• [TASK REQUIREMENTS]: Return the lines of the material below exactly, beginning with the line that has "Cricket Jersey Design" in it and finishing with the line that has "Constipation is difficulty" in it. Leave all pictures aside.

• [PROVIDED RECORDS]:

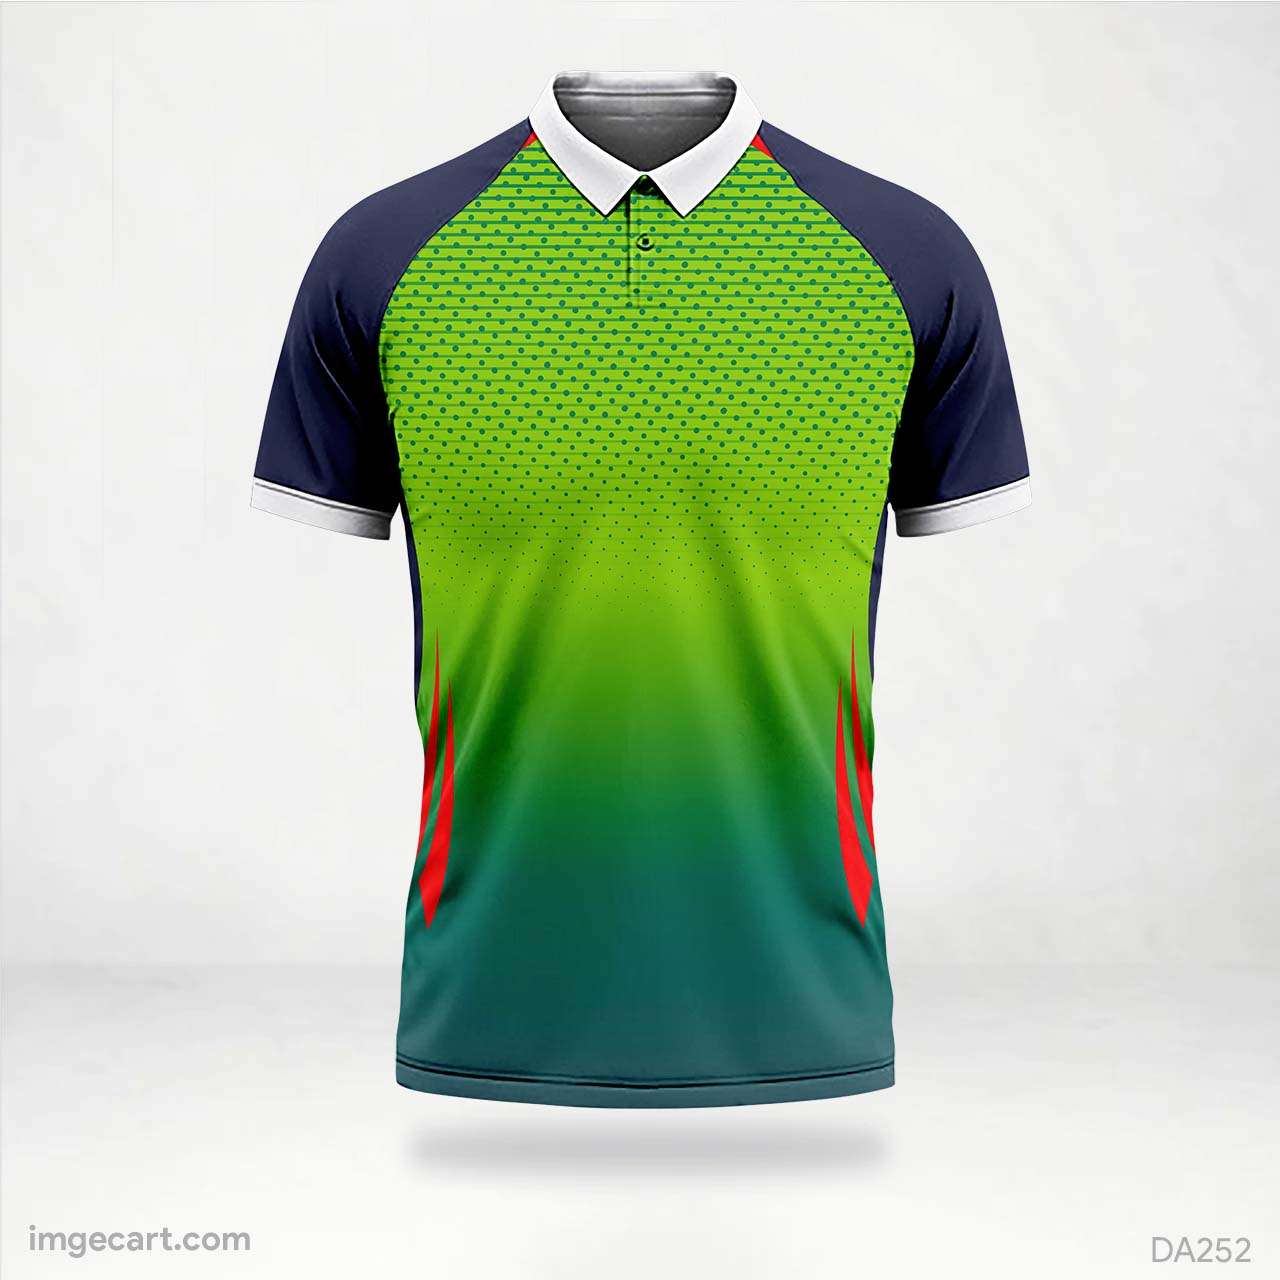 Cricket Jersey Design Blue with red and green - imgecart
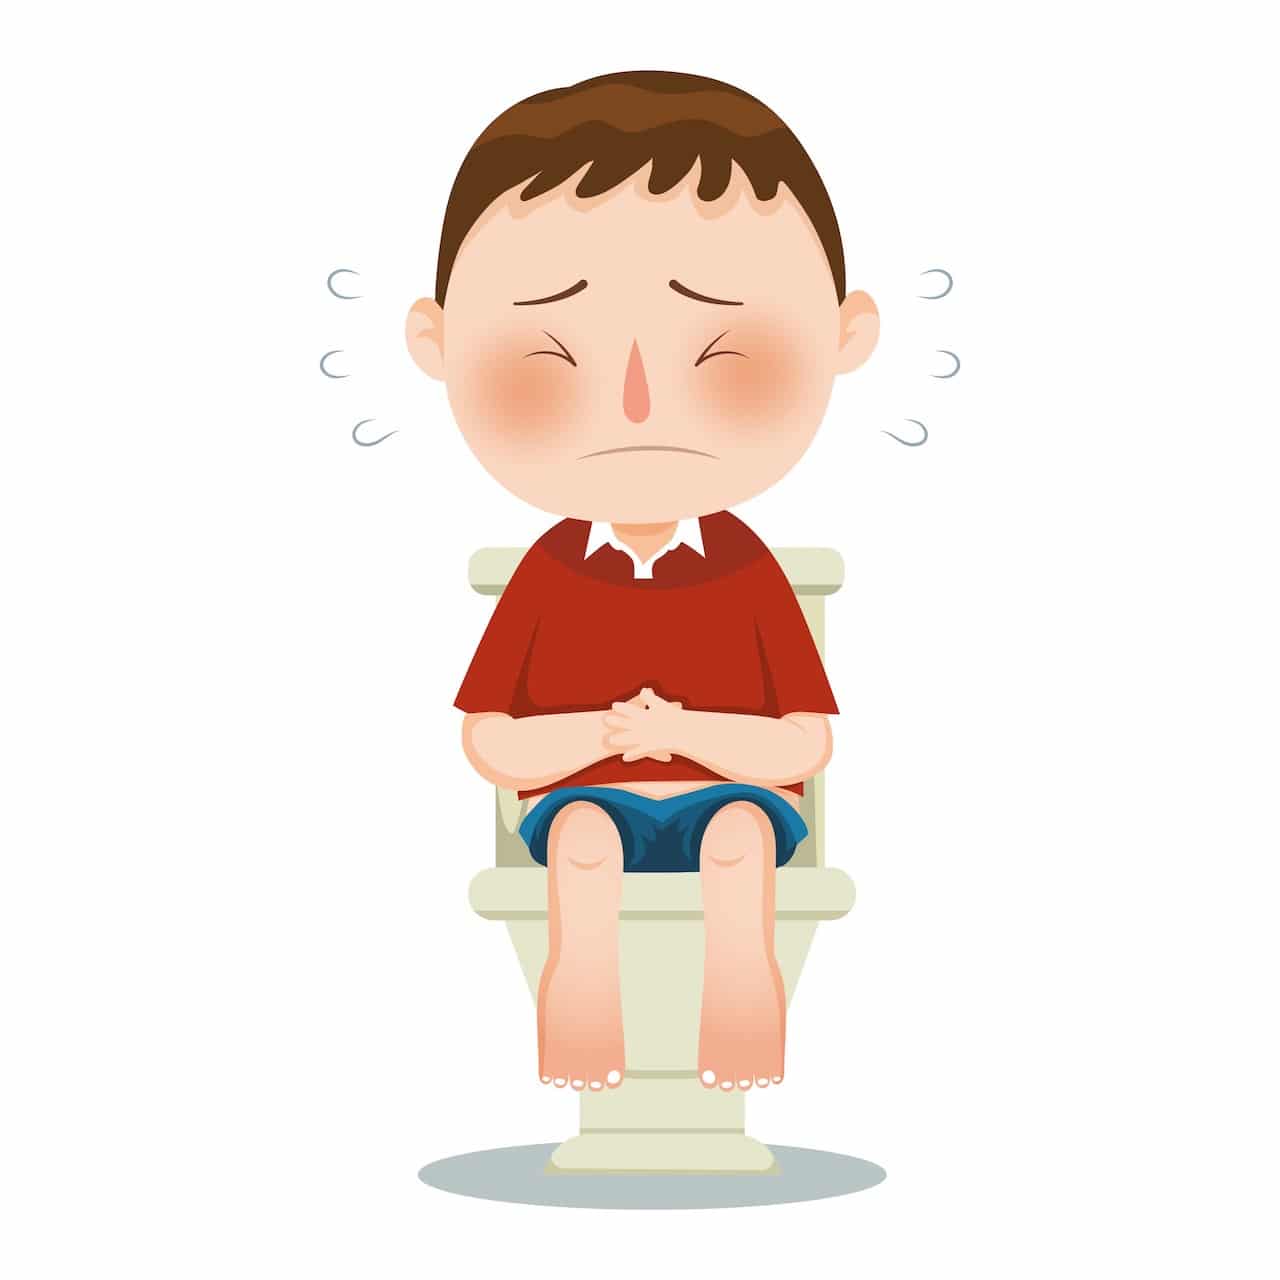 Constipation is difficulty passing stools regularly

* * *

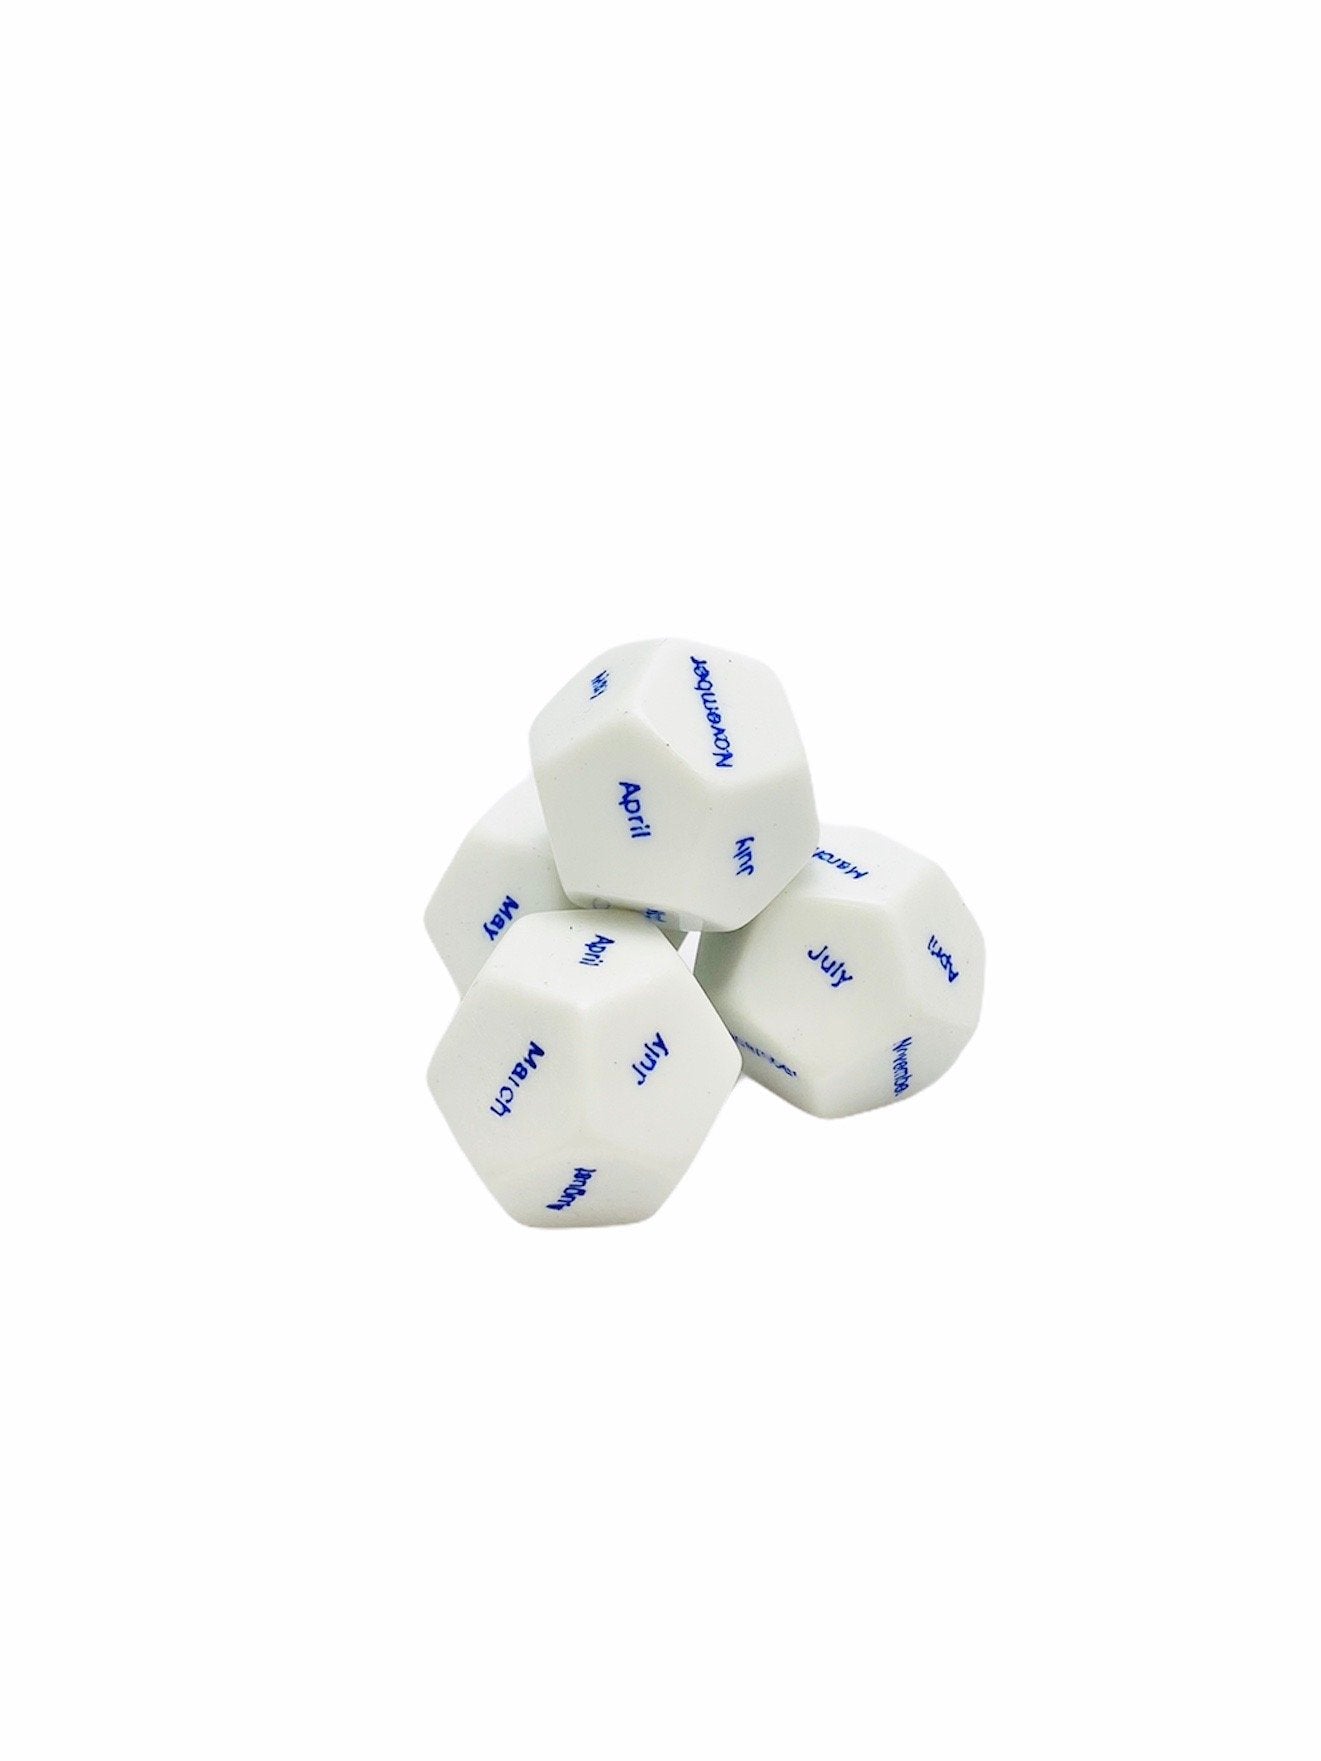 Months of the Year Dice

---

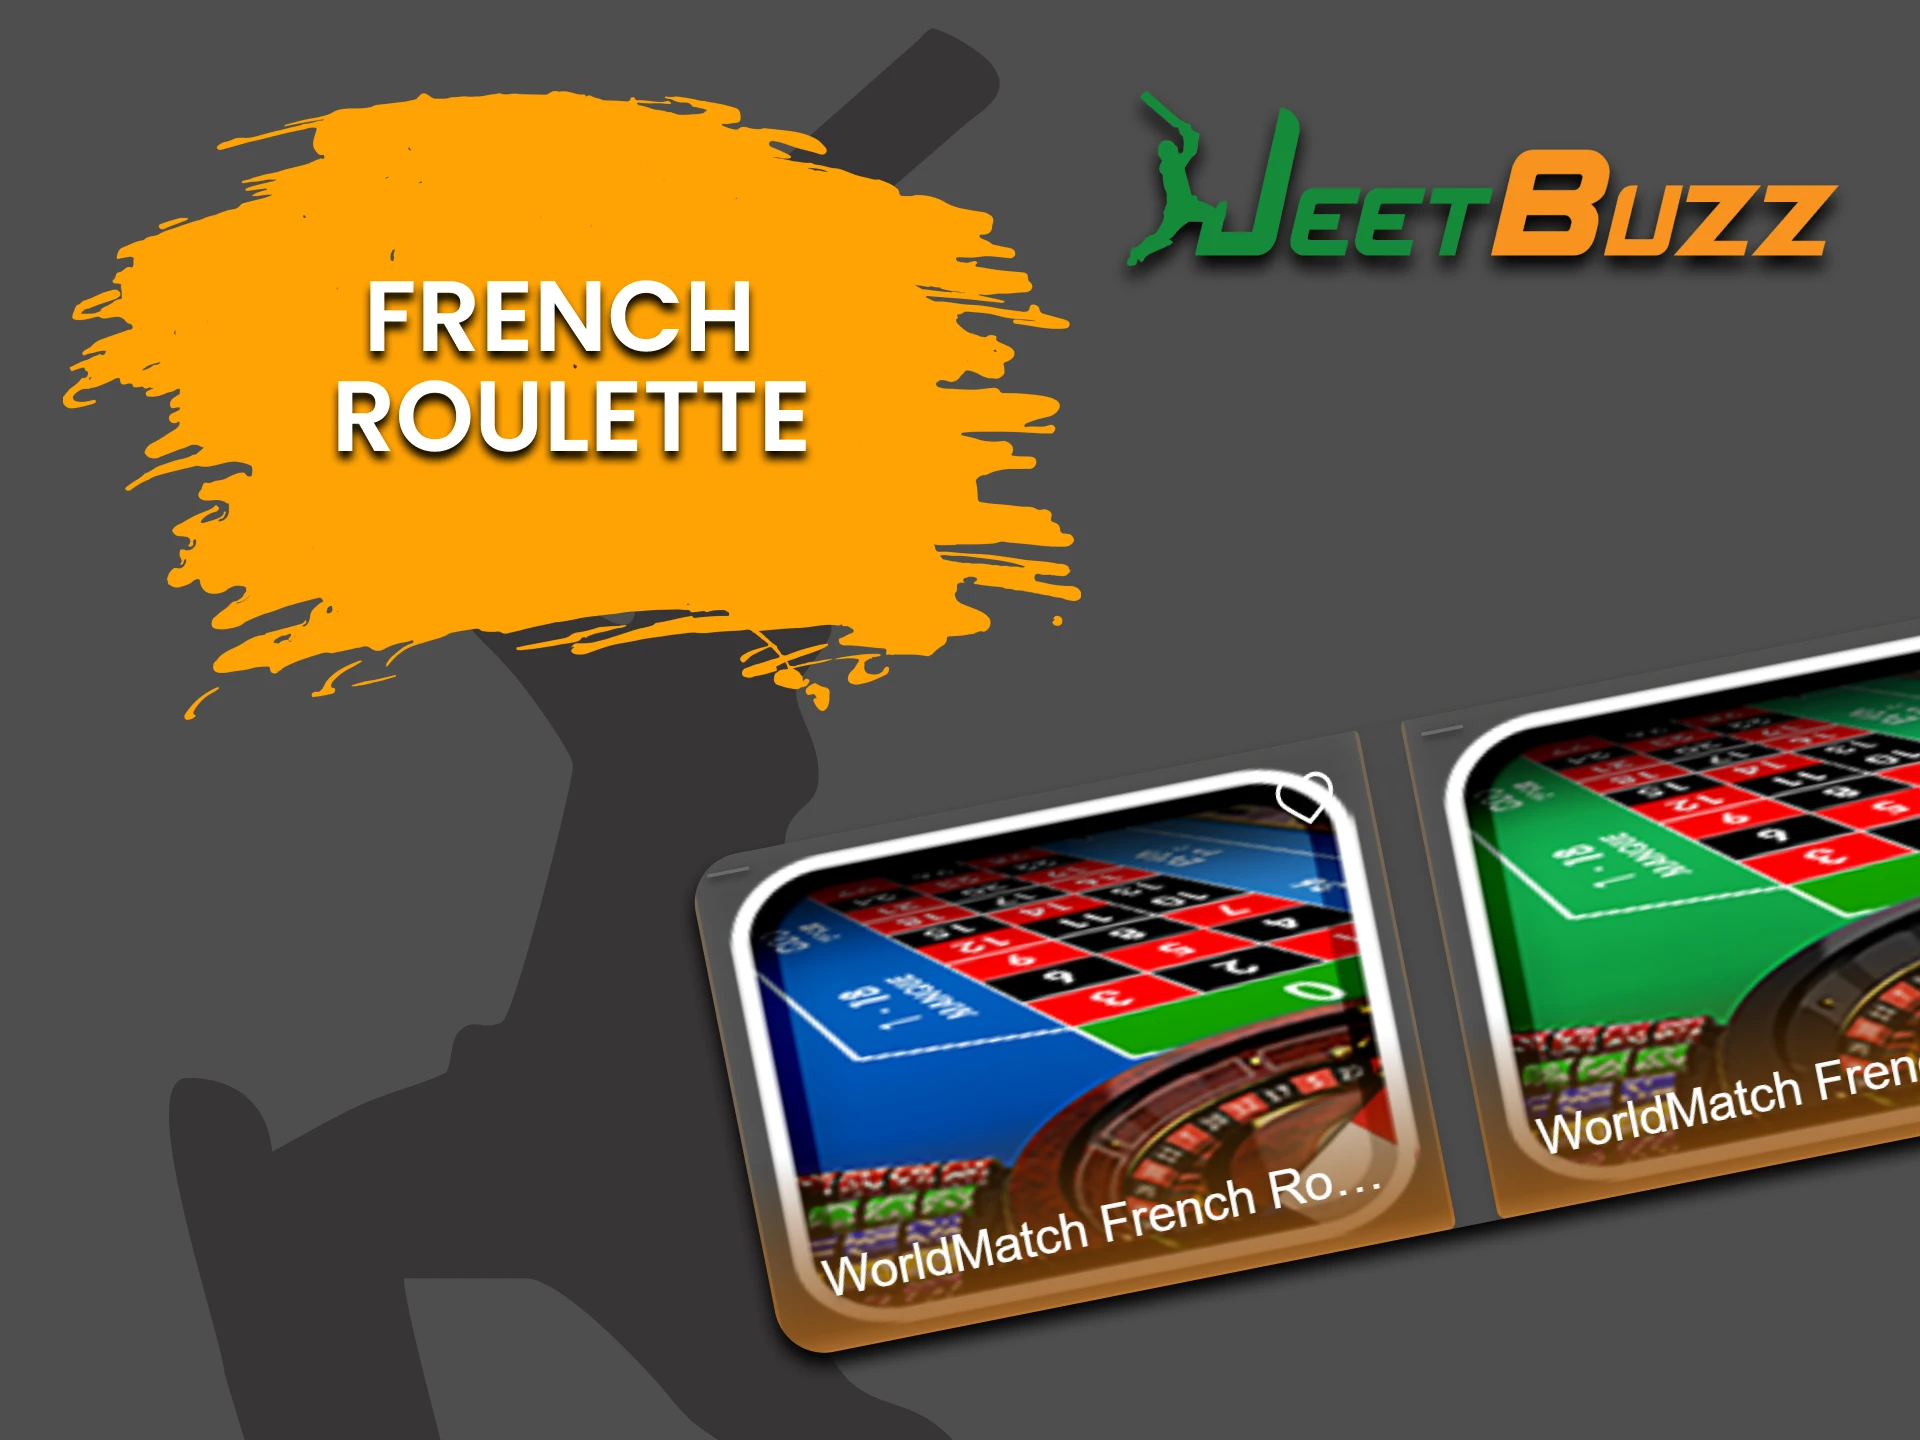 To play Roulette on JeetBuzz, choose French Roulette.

• [SOLUTION FOR THIS EXERCISE]:
 Cricket Jersey Design Blue with red and green - imgecart
 Constipation is difficulty passing stools regularly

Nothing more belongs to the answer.